Calculus 2 Area between curves problem?

Looking at their graphs, the two functions intersect at x = -1 and x = 1, and over that interval 16/(1+x^4) has the largest value.
So the desired area can be evaluated by:
x = 1
∫ (16/(1+x^4)) - 8x^2 dx
x = -1

which, after a long integration, is equivalent to:
4 √2 (π + 2 coth^-1 (√2)) - 16/3
where "coth^-1" is the inverse function of the hyperbolic cotangent.
That expression evaluates to:
22.40980226154382




(If it was my problem, I would write a computer program to use the Newton-Cotes formulas or Runge–Kutta methods to do the integration numerically and avoid the messy explicit integration alluded to above.
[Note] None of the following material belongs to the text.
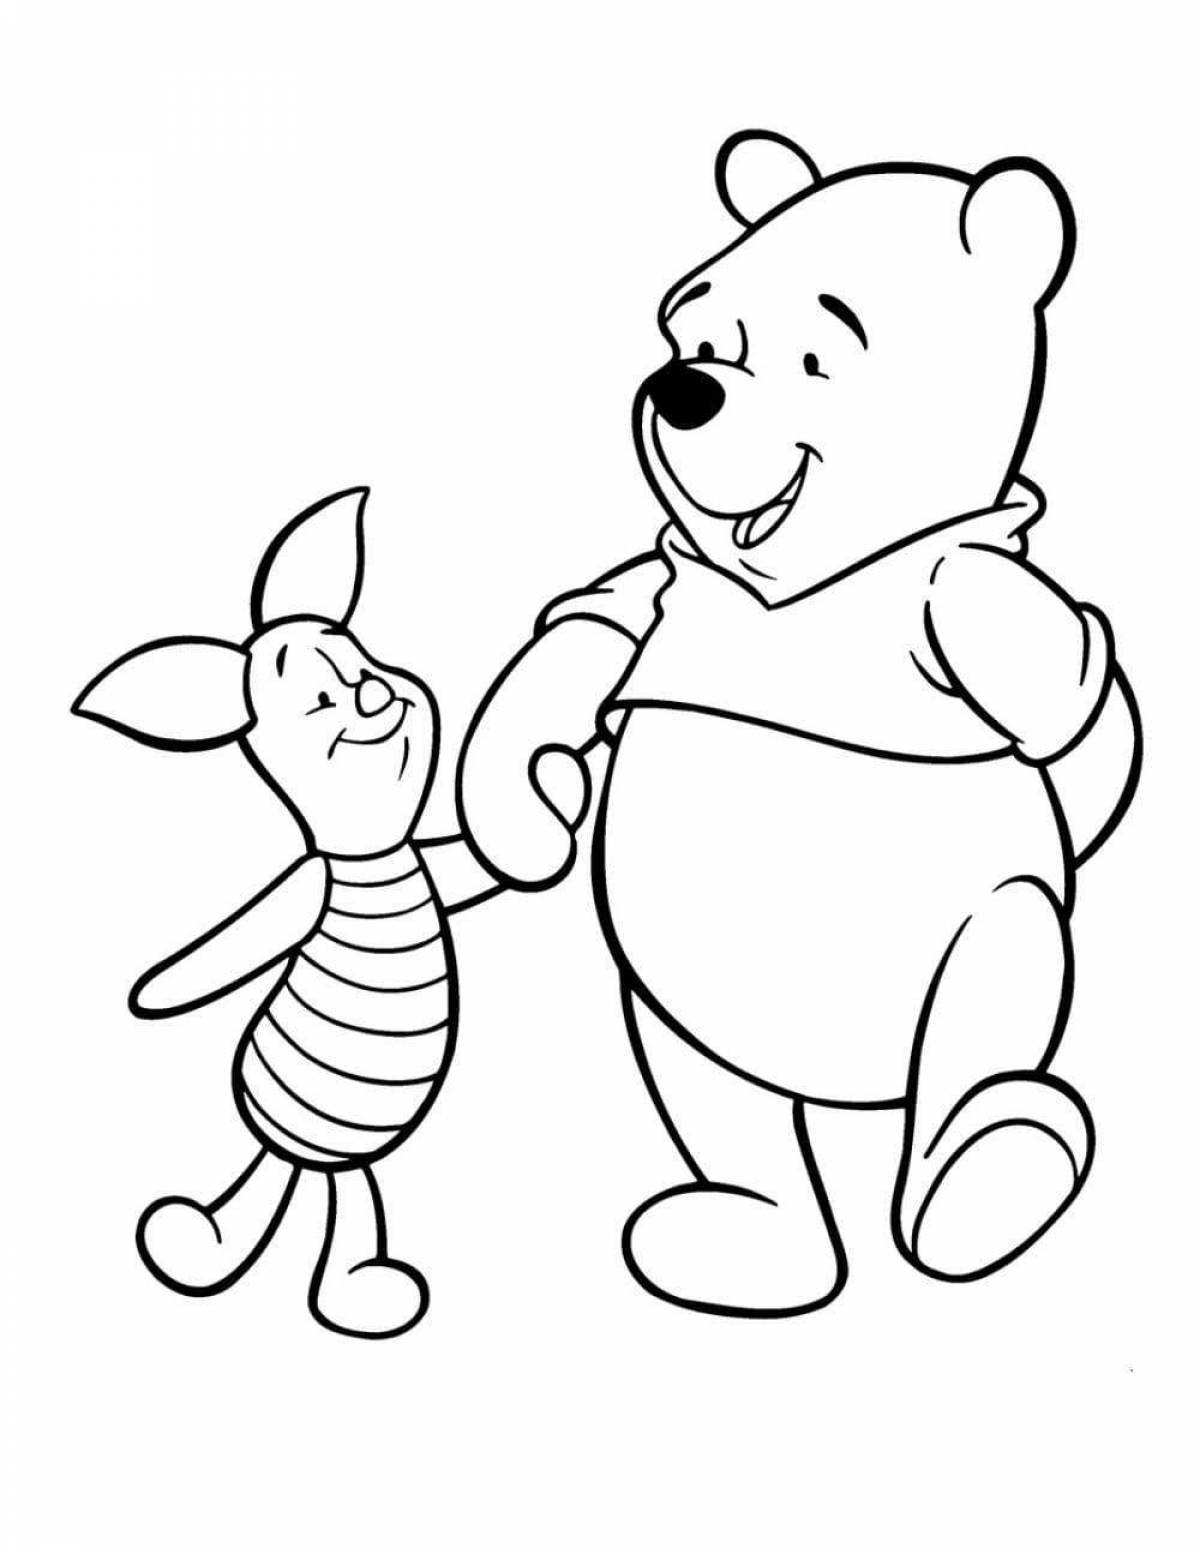 Coloring book playful Winnie the Pooh and Piglet

But I have that opinion because I am more comfortable with programming than with complicated integration.)
(Later update: since the questions were coming in slowly to YA, I went ahead and did that, and I got 22.409802261583, so even beyond the requested 5 decimal places I agree with Wolfram's results, along with two other answerers here.)
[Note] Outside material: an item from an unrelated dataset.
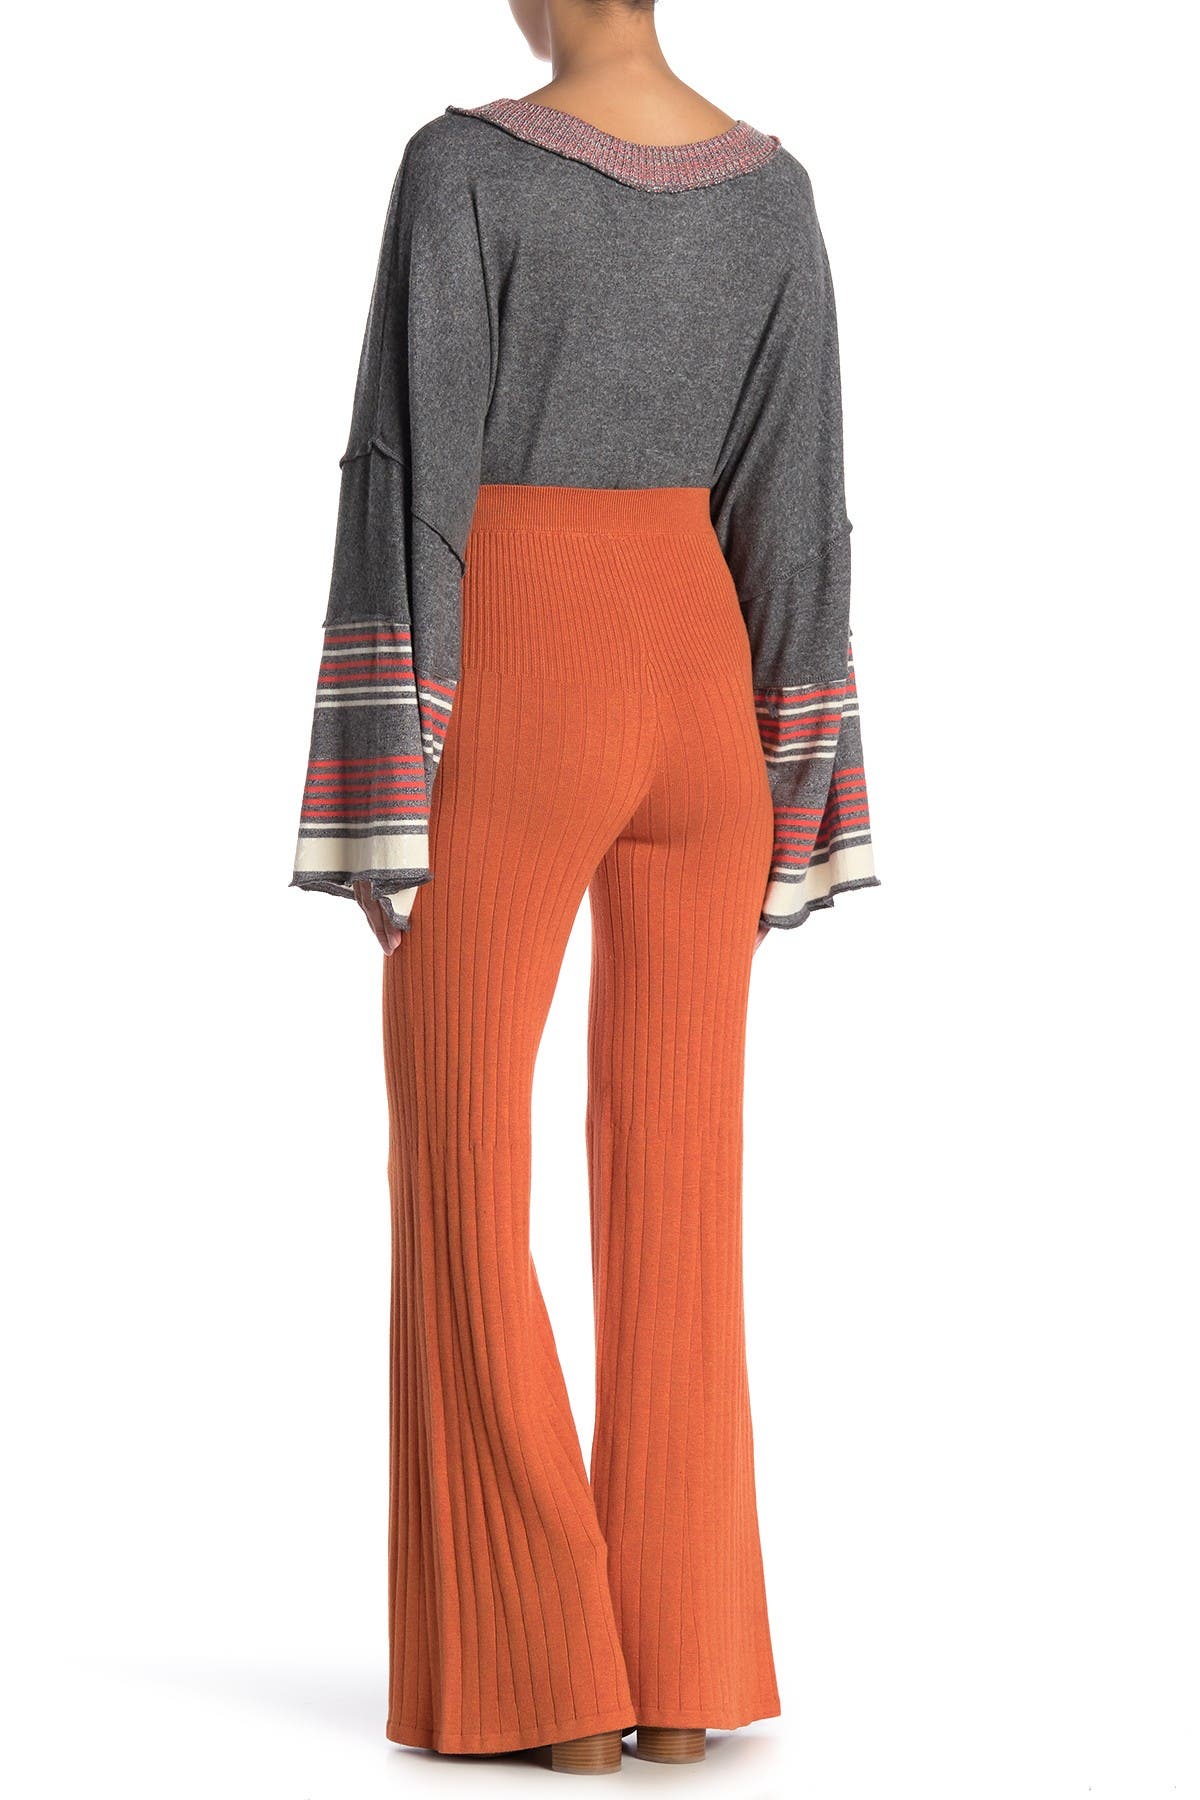 Free People | Keep It Real Flare Ribbed Knit Pants | Nordstrom Rack

For the confirmed nerds, here is the Perl program I wrote:
$z = 1/2**18;
for ($x = $z/2; $x < 1; $x += $z) {
$y = (16/(1 + $x**4)) - 8 * $x**2;
$s += $y;
}
print $s * $z * 2;

16/(1 + (x^4)) = 8*(x^2);

Let u = x^2;

16/(1 + (u^2)) = 8u

16 = 8u*(1 + (u^2))

2 = u*(1 + (u^2));

2 = u + (u^3);

By look at this one of the answer is u = 1

(u^3) + u - 2 = 0;

(u - 1)*((u^2) + u + 2) = 0;

The only real answer is u = 1; x^2 = 1; x = +/- 1;

int_(-1)^(1) ((16/((x^4) + 1)) - (8*(x^2))) dx; this is an even function, therefore

int_0^(1) ((32/((x^4) + 1)) - (16*(x^2))) dx;

int_0^(1) 32/((x^4) + 1) dx - (16/3);

int_0^(1) sum_(n = 0)^(infinity) ((-1)^n)*(32)*(x^(4n)) dx - (16/3);

[sum_(n = 0)^(infinity) ((-1)^n)*(32)*(x^(4n + 1))/(4n + 1) from F(x = 1) - F(x = 0)] - (16/3);

(sum_(n = 0)^(infinity) (32)*((-1)^n)/(4n + 1)) - (16/3);

http://www.wolframalpha.com/input/?i=(sum_(n+%3D+0)%5E(infinity)+(32)*((-1)%5En)%2F(4n+%2B+1))+-+(16%2F3);

intersect 16/(1+x^4) = 8x^2 ---> x=-1, 1
Area = ∫ (16/(1+x^4) - 8x^2) dx , over [-1,1] = 16∫ (2/(1+x^4) - x^2) dx , over [0,1]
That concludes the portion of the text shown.